Вернувшийся Тришка прервал поток воспоминаний Александра Онуфриевича. Но в голове его все равно засела одна упрямая, адская мысль.

– Да хоть бы она тогда выбрала немца! – пробурчал старый солдат себе под нос, вполуха слушая Тришкин рассказ о происшедших событиях.

И правда, лучше бы она тогда выбрала немца! Тогда бы была счастливее, ходила бы в красивых платьицах, блистала на балах, ела бы из дорогой посуды, как привыкла, и не пришлось бы ей проводить каждый день в кашеварении, штопке, прополке и других трудах, неприличных ее сословию… а так… что он смог дать ей, за что отнял ее юность и доброе имя? Это ли его любовь?

* * *

– Не пойду за лютерана! – повторила Наташа и крепко, цепко повисла у Саньки на шее. – За тебя пойду! Ты наш, русский, ты спросил меня, как хочу я, а стало быть, ты меня любишь…

– Что ж, пусть тогда и болеть во веки веков этой треклятой ноге… Убежишь?

– Убегу! За тобой хоть куда убегу!

– Нынче же ночью убежим?

– Нынче же ночью!

Той ночью, собравшись с мыслями, сложив скудные пожитки и покрепче завязав ногу, Санька вышел выкурить цигарку и посмотреть на звезды. Летнее небо на них было щедро, и, посылая особенно крупным звездам колечки табачного дыма, он помолился о том, чтобы все устроилось так, как они с Наташей загадали. И сейчас же странные звуки, донесшиеся из угла хлева, вынудили его вернуться обратно.

Наташа с перепуганными глазами стояла в самом углу, а немец, забыв всю свою настоящую или надуманную хворь, наступал на нее, дотягиваясь похотливыми руками, пытаясь повалить или вжать в угол. Глаза его горели страшно, и он говорил на ломаном русском:

– Не уйдешь теперь, никуда не деться…

Немец был хоть и высокий, но щуплый, а Наташа – кровь с молоком, и все-таки Санька не рассуждал. Бесшумно подкрался сзади и огрел немца по голове первым, что подвернулось под руку.

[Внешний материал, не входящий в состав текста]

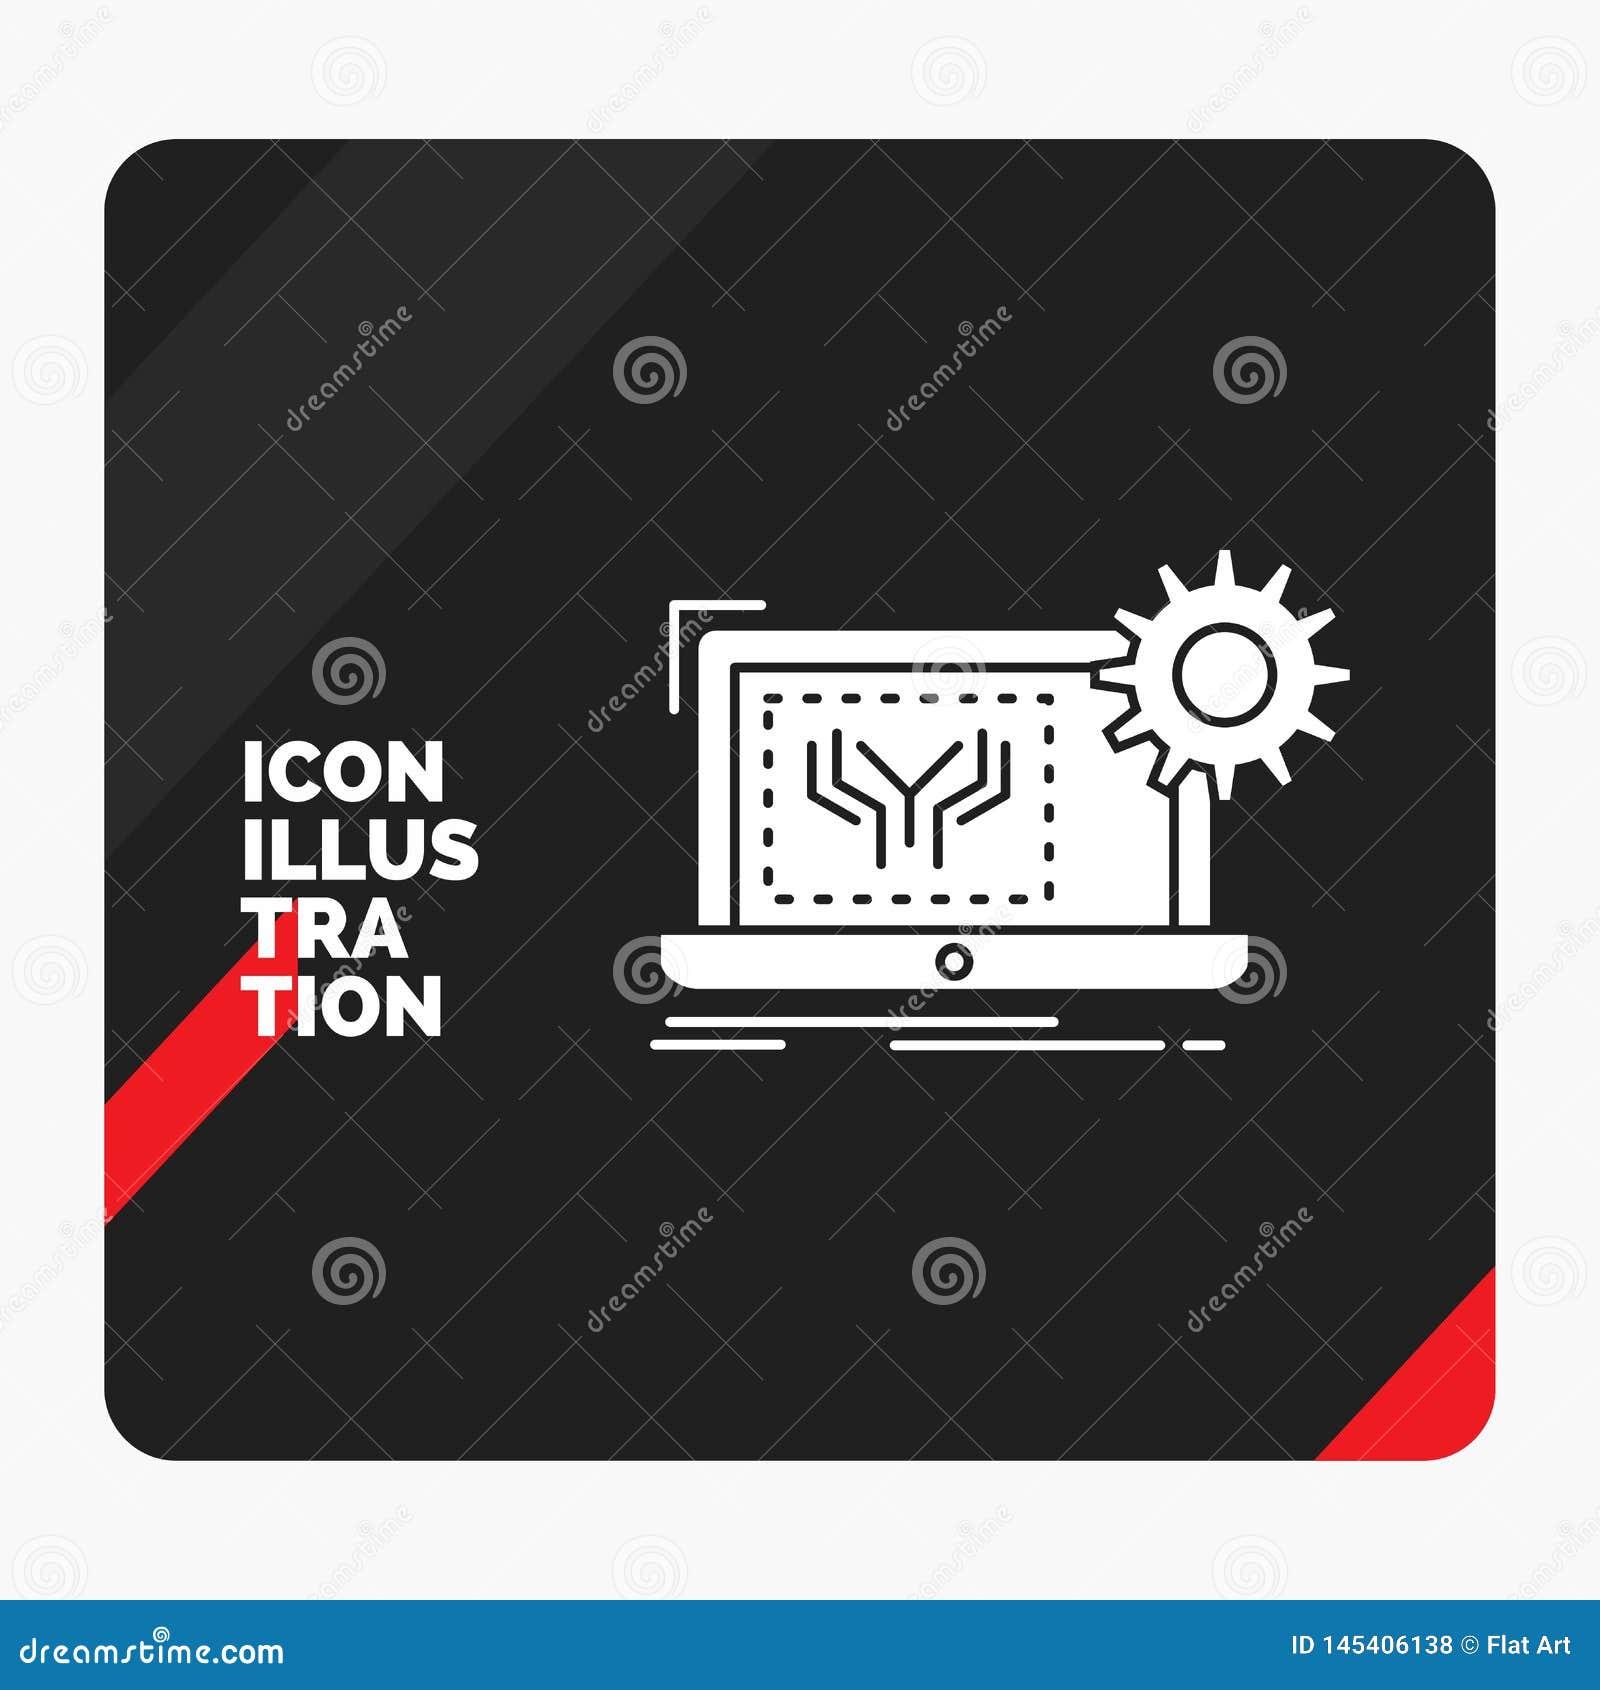 Röd och svart idérik presentationsbakgrund för ritningen, strömkrets, elektronik, teknik, maskinvaruskårasymbol

Он даже не разглядел толком, что это было, схватил Наташу за руку, другой рукой легко взвалил на плечо узел с ее вещами, и оба скрылись в ночи, не забыв предусмотрительно запереть за собой дверь в хлев.

Прежде чем взошла заря, они обвенчались в сельской церкви (за спешность и за молчание Наташа отдала священнику свои рубиновые серьги и браслет) и стали пробираться в город, где жил Наташин дядюшка, единственный человек, который – она знала – не отвернется от нее.

Дядюшка Афанасий, а тем паче его сын, Наташин кузен Гриша, действительно от беглянки не отвернулись, хотя и принять их с Александром не могли. Дядя дал им лошадей и отправил к дальней родственнице в Углич, подальше от возможных знакомых, а значит, от сплетен.